Git ignore & changing the past
This will be a two-step procedure:
Introduce the .gitignore file
For this to work, the early commits are going to have to have your .gitignore
file. So, you need to:
- Check out the root commit:
git checkout -b temp $(git rev-list HEAD | tail -1)
- Add the
.gitignore
file. git commit --amend
- Rebase all of your existing branches onto "temp". This may or may not work seamlessly, so you might need to fiddle with it if any conflicts spring up.
- Check out your working branch and delete the temp branch.
Rewrite history
Now you can automatically remove these files from all of the branches by this command:
git filter-branch --tree-filter 'git clean -f -X' -- --all
This will rewrite all of your branches to remove ignored files. It may take a while depending on the size of your repository.

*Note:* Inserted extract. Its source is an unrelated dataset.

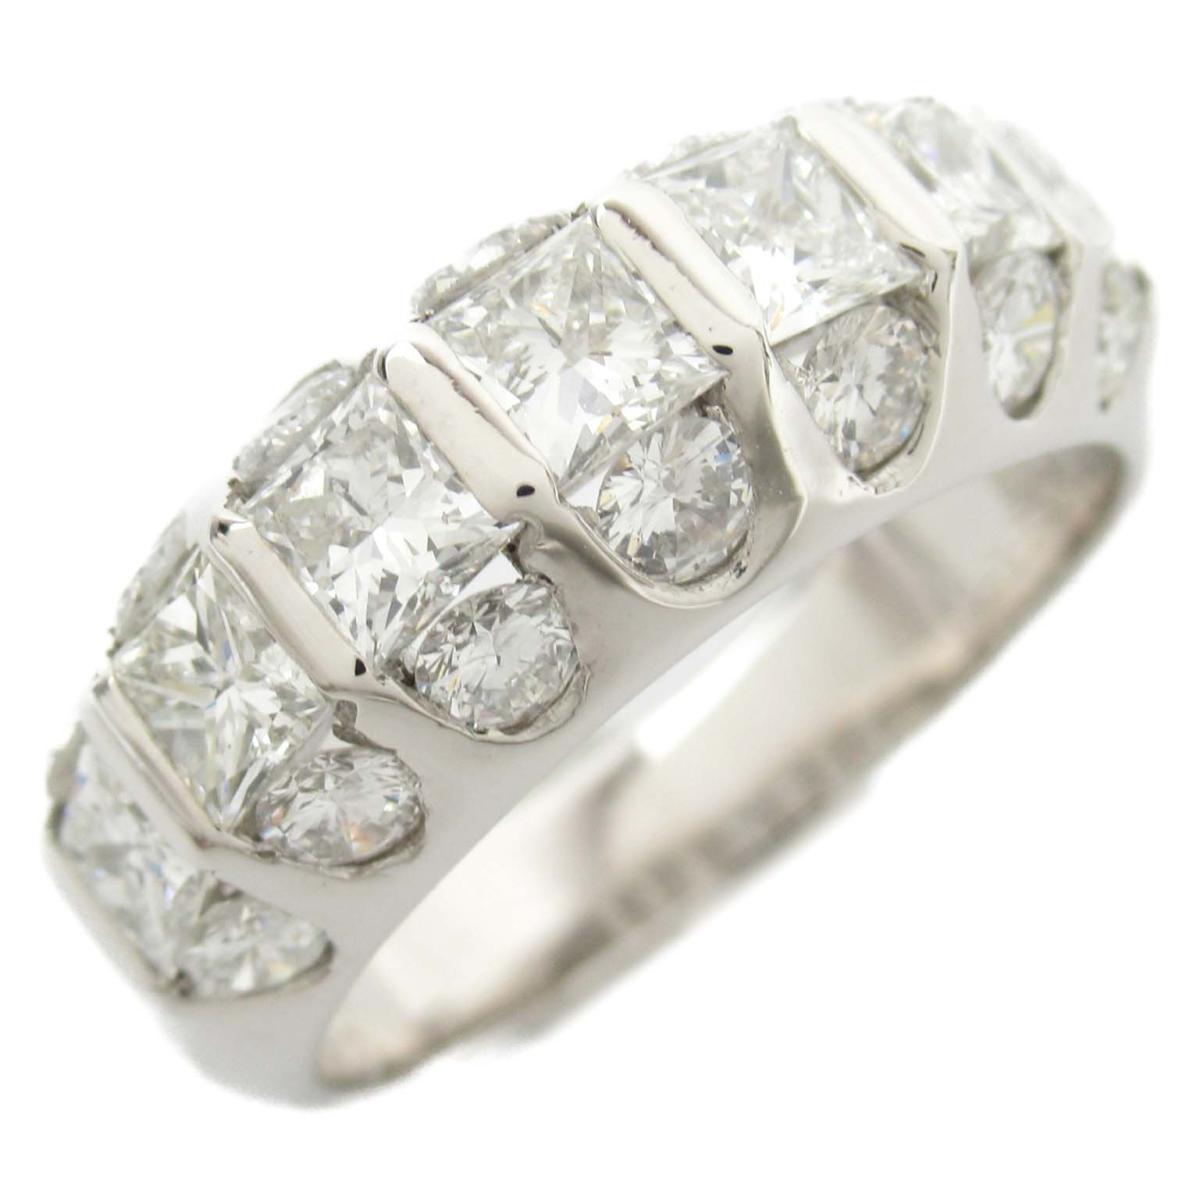 ジュエリー ダイヤモンド リング 指輪 ノーブランドジュエリー レディース PT900 プラチナ x ダイヤモンド1.31 / 0.82ct【中古】 | JEWELRY BRANDOFF ブランドオフ ブランド アクセサリー

I've just done this and some of the other answers/comments nearly got me there, but I had to make some changes.
I've used filter-branch
to introduce my .gitignore
file at the start of history, and apply it to all previous commits.
This is the command:
git filter-branch --tree-filter 'git rm --cached -rf . >/dev/null ; cp ~/Desktop/new-gitignore .gitignore ; git add . ; git clean -d -X -f >/dev/null' -- --all
As you can see, it assumes you have a copy of the wanted .gitignore
file on your Desktop (~/Desktop/new-gitignore
).
I found that only after I've removed and re-added (git rm ...
, git add .
) all the files would git clean
remove all the files that the new .gitignore
is telling it to ignore. Notice its not necessary to add the files again after clean, as tree-filter
will just commit everything as is.
I've included >/dev/null
to reduce the output of the script, but you can safely remove this if you want to see the whole process.
See removing file from every commit section. It is exactly your case.
But be careful, as this feature as every history rewriting one DOES change every commit. So if you have public repository and someone could have based some work on it - it would lead to problems.